In the context of the memory mechanism, we found that the model could account for the HRS and IRR phenomena. In contrast, we found that the communication mechanism cannot explain and describe the HRS and IRR observations in dose-response curves.

Relative contribution of memory and communication mechanisms

On the one hand, the above analysis has shown that some radiation response phenomena can be explained by only one mechanism, but not the other. Thus, the occurrence of HRS and IRR can arise from the memory mechanism, but not from the communication mechanism. The long-term persistence of unaltered cells in the face of continuous radiation exposure can only be brought about by the communication mechanism, and not by the memory mechanism. In these contexts, the two mechanisms have separate, complementary roles. On the other hand, radioadaptive responses can come about both via communication and memory mechanisms.

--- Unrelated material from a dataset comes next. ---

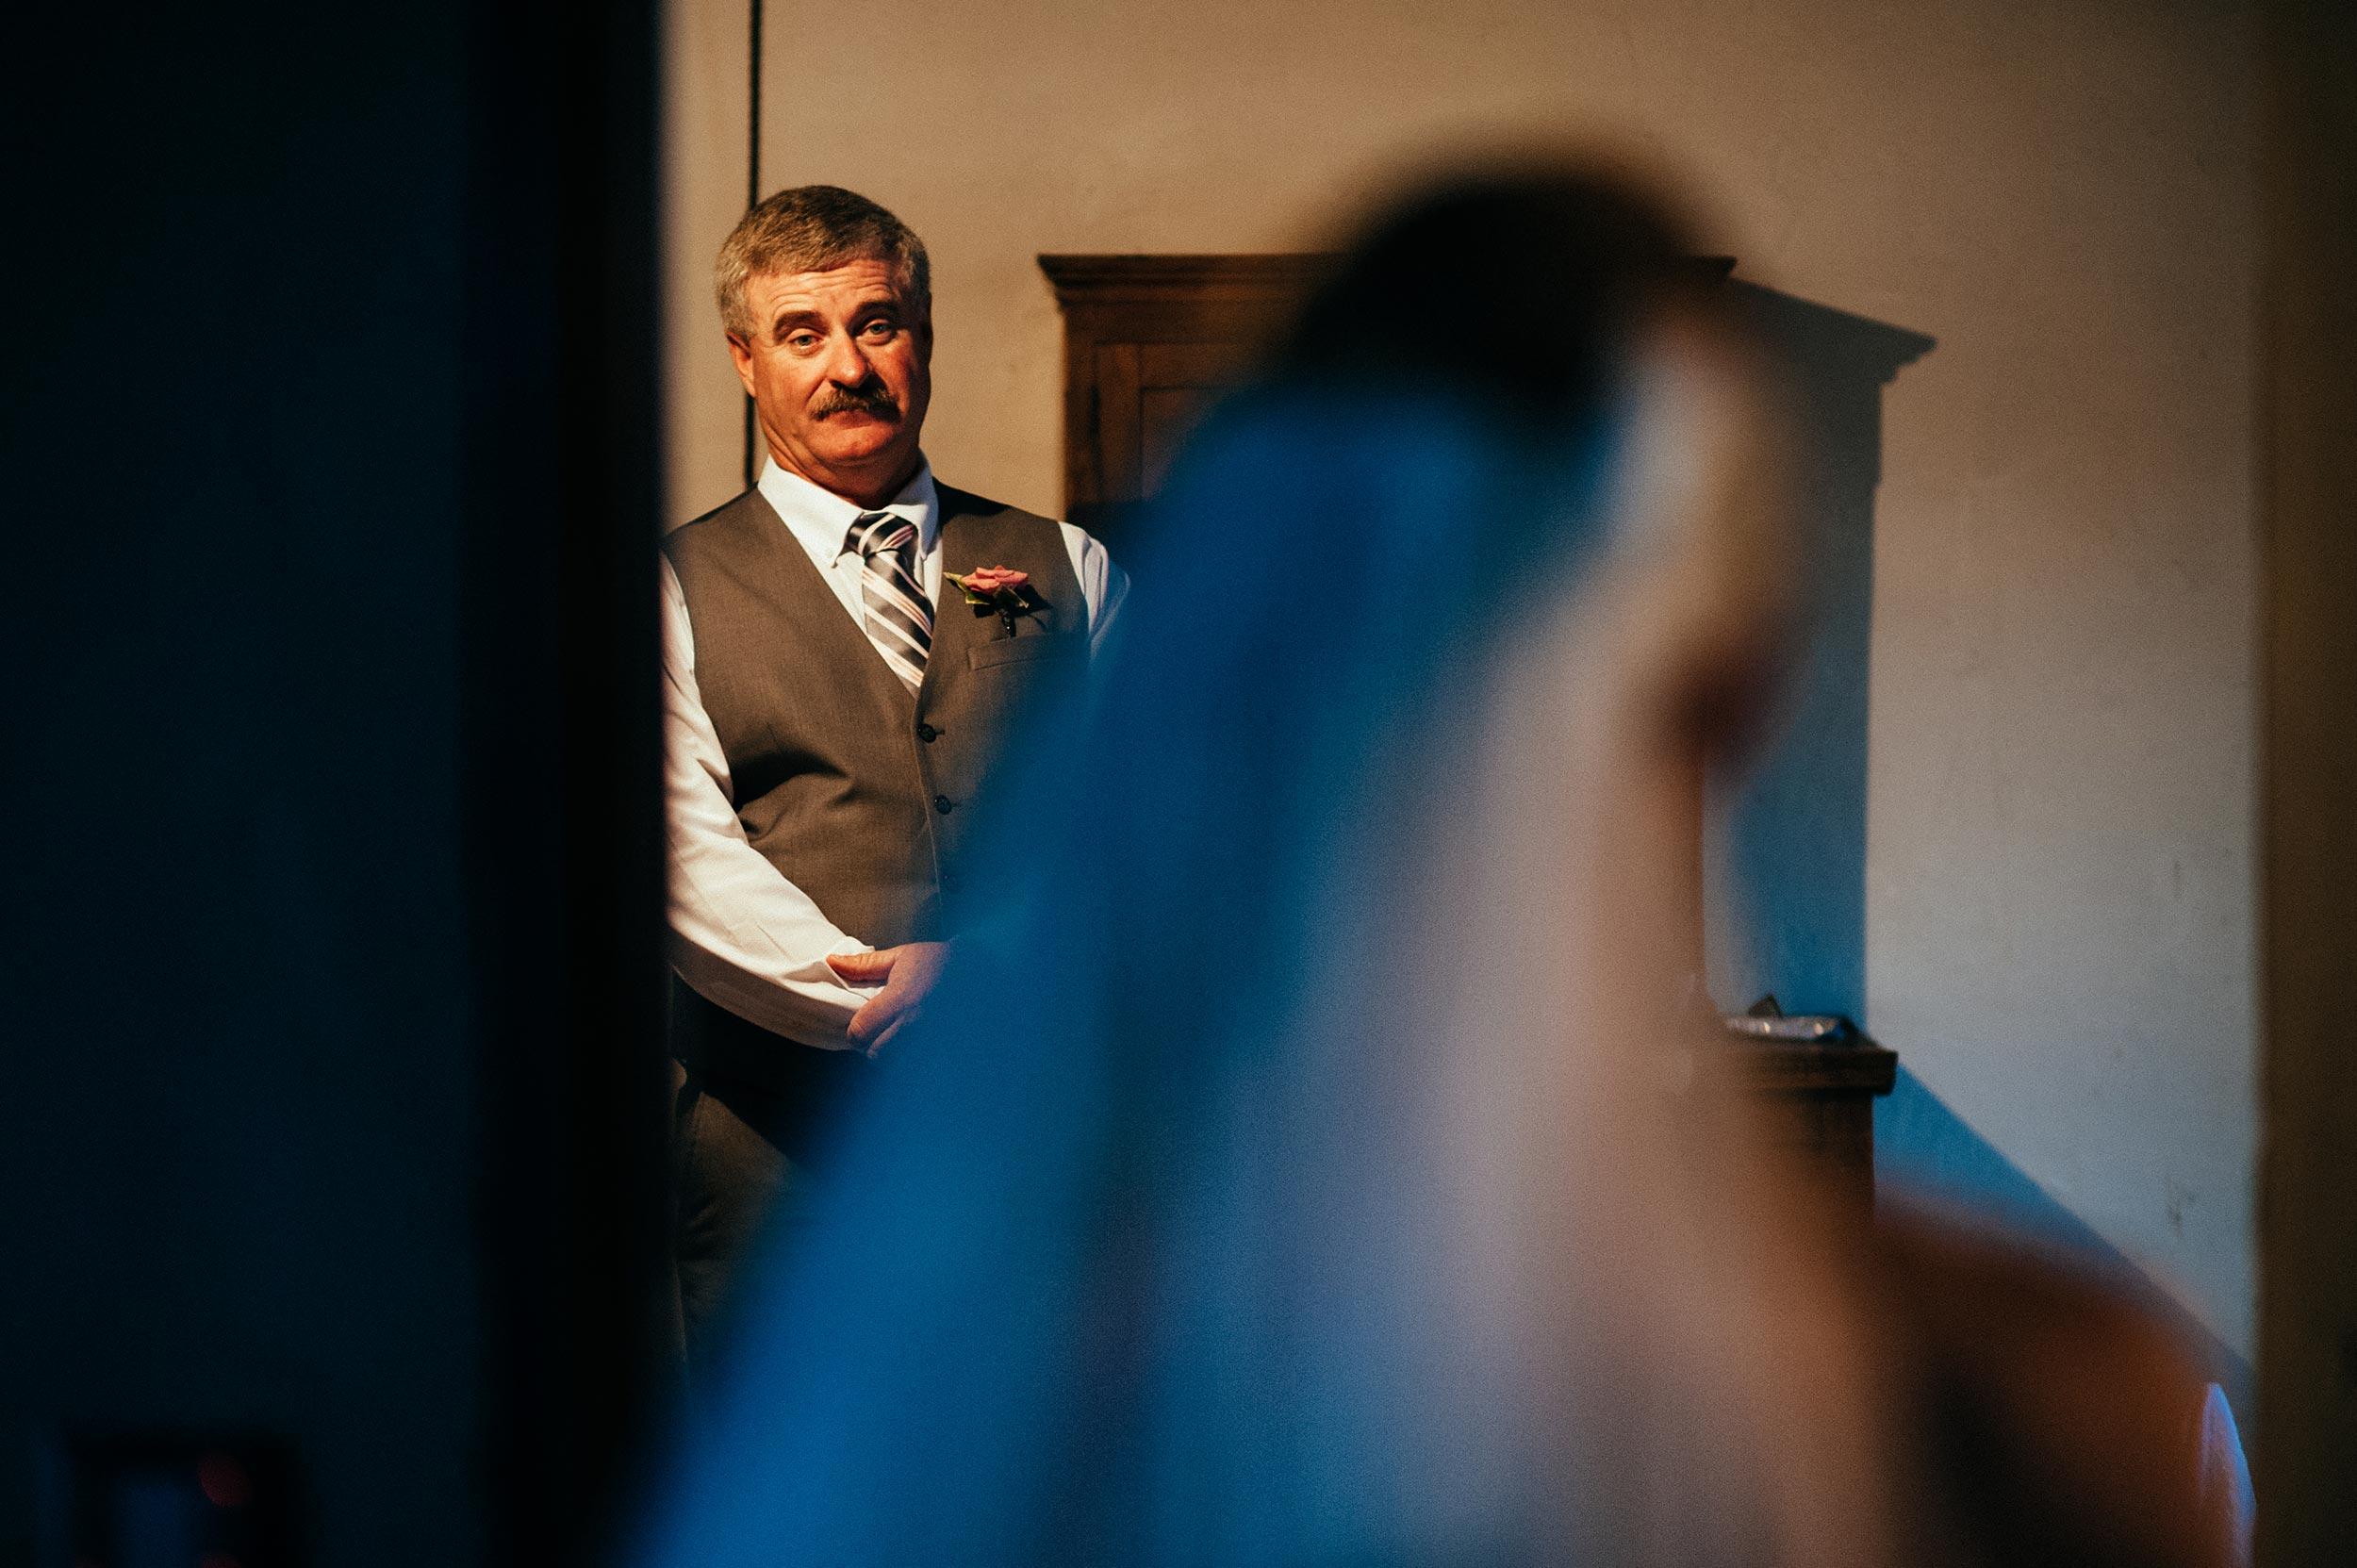 2014-Shelby-Jocelyn-Santo-Stefano-Di-Sessanio-Wedding-Photographer-Italy-Alessandro-Avenali-25.jpg
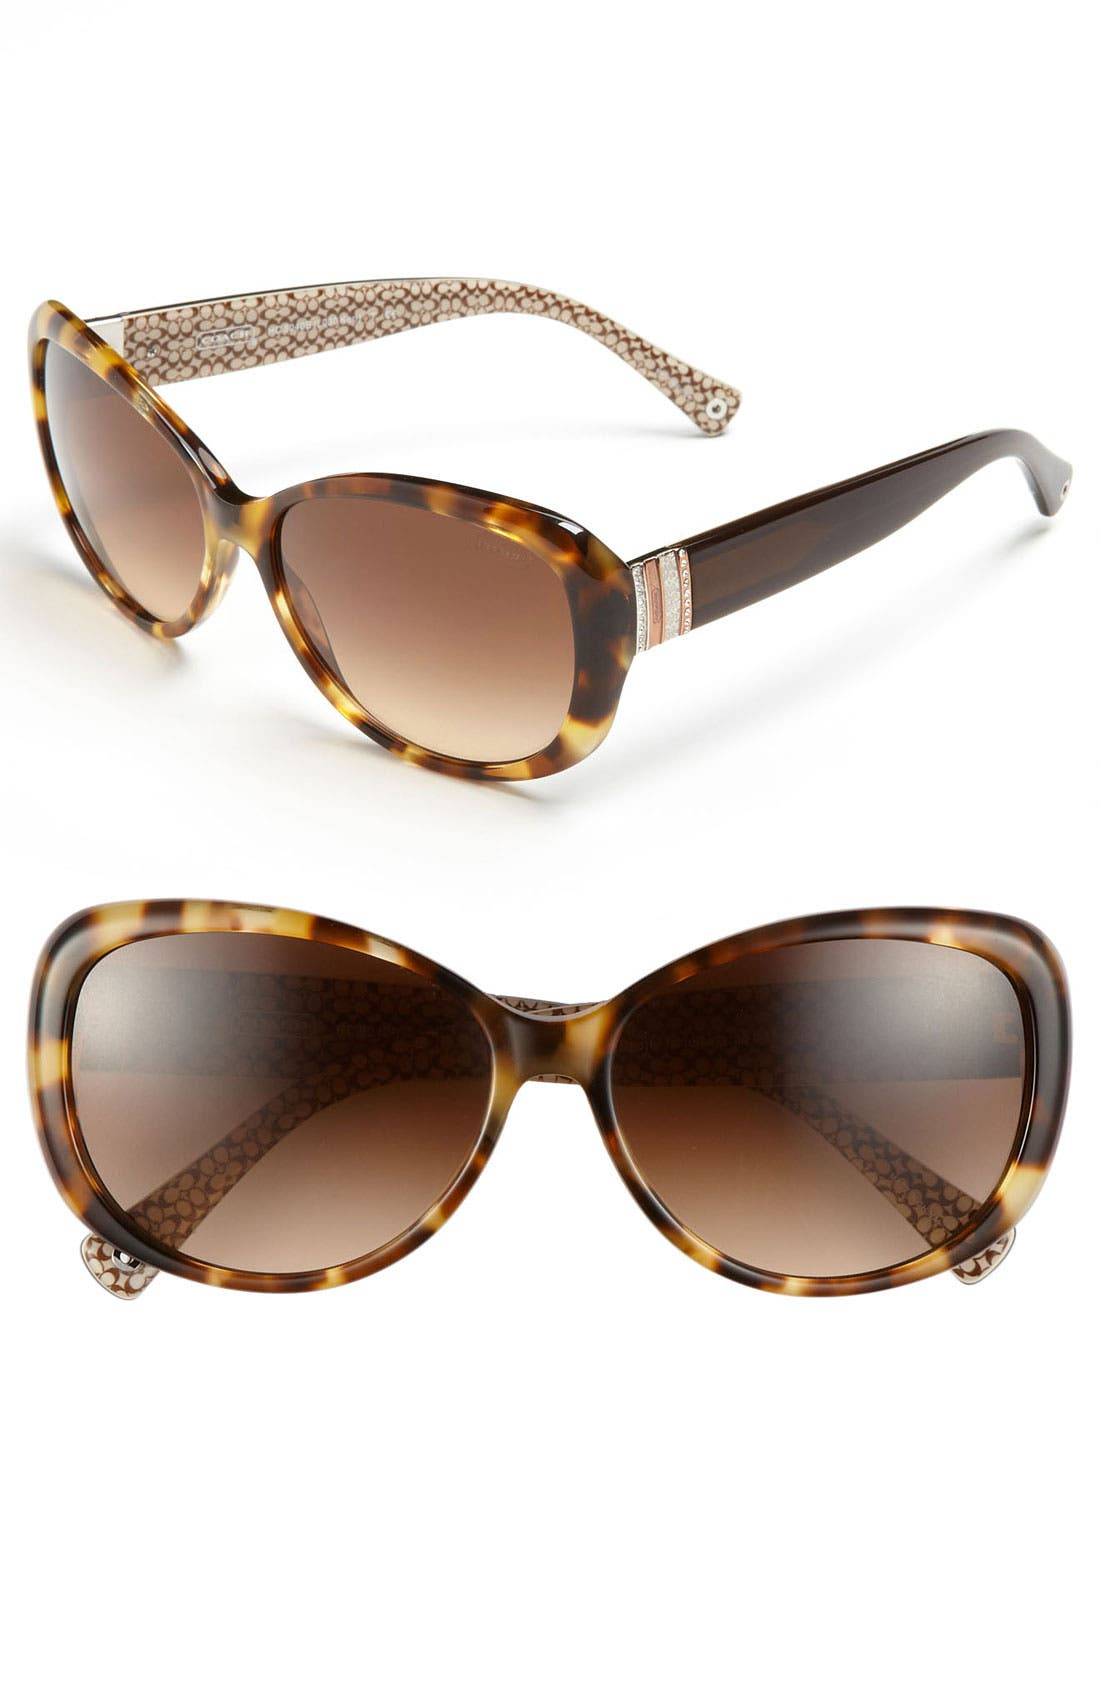 Main Image - COACH 58mm Oversized Sunglasses

In this case, the question arises to what extent each mechanism contributes to the occurrence of the radioadaptive response.

This is a difficult question, and not possible to answer with the currently available data. One approach would be to fit the full model (1) to data that document radioadaptive responses. The relative contribution of the two mechanisms can be adjusted in this model by varying the duration of memory protection (large values of η lead to short memory and less contribution of this mechanism) and by varying the communication rates β₀ and β₁. Alternatively, model (1) could be altered to assume that following a radiation hit, cells fail to induce memory with a probability p₁, and become protected through memory with a probability 1-p₁. Varying the parameter p₁ would allow us to vary the relative contribution of the memory mechanism, although it is not clear whether this assumption can be justified biologically. However, even if such full models are used to fit data on radioadaptive responses, two important challenges remain: (i) Both mechanisms can independently describe the radioadaptive response. The same time series can be reproduced with different relative contributions of memory and communication by adjusting the remaining parameters of the model. Thus, even if we fit a full model to time series that document radioadaptive responses, this fitting cannot be used to determine their relative contributions. (ii) Data that document the occurrence of radioadative responses do not display the full dynamics of cell populations over time following primary and secondary radiation challenges. They typically display the endpoint following the high-dose challenge, which provides only limited information for model fitting.

In order to determine the relative contributions of memory and communication for the occurrence of radioadaptive responses, new experimental data will need to be generated, and the model will need to be adapted to describe the appropriate experimental conditions. Cellular responses to radiation should be documented under different experimental conditions, and fitting the model to time series of altered and unaltered cells can provide parameter estimates. Cells should be grown in conditions in which they are not in contact with other cells, and in which long-range communication signals are neutralized, thus preventing any communication through gap junctions or emitted signals [15], [17]–[20]. This should be compared to scenarios where cells grow in conditions without contact (no gap junction), but where long range signals for communication are allowed. In a final experimental setup, cells should be allowed to communicate both through gap junctions and through long range signals. To analyze such data, it will also be necessary to study a spatial model of these interactions, in which communication can only occur with nearest neighboring cells, in order to accurately model gap junction communication. Preliminary analysis of such a model suggests that the general conclusions remain robust in the context of the spatial model. That is, there is no significant difference between the effect of gap junction and long-range communication on the general pattern of the dynamics. However, the exact kinetics will differ, which will be important when fitting the model to appropriate experimental data in order to estimate parameters. This is subject to future work, and the current paper prepares the ground for these explorations.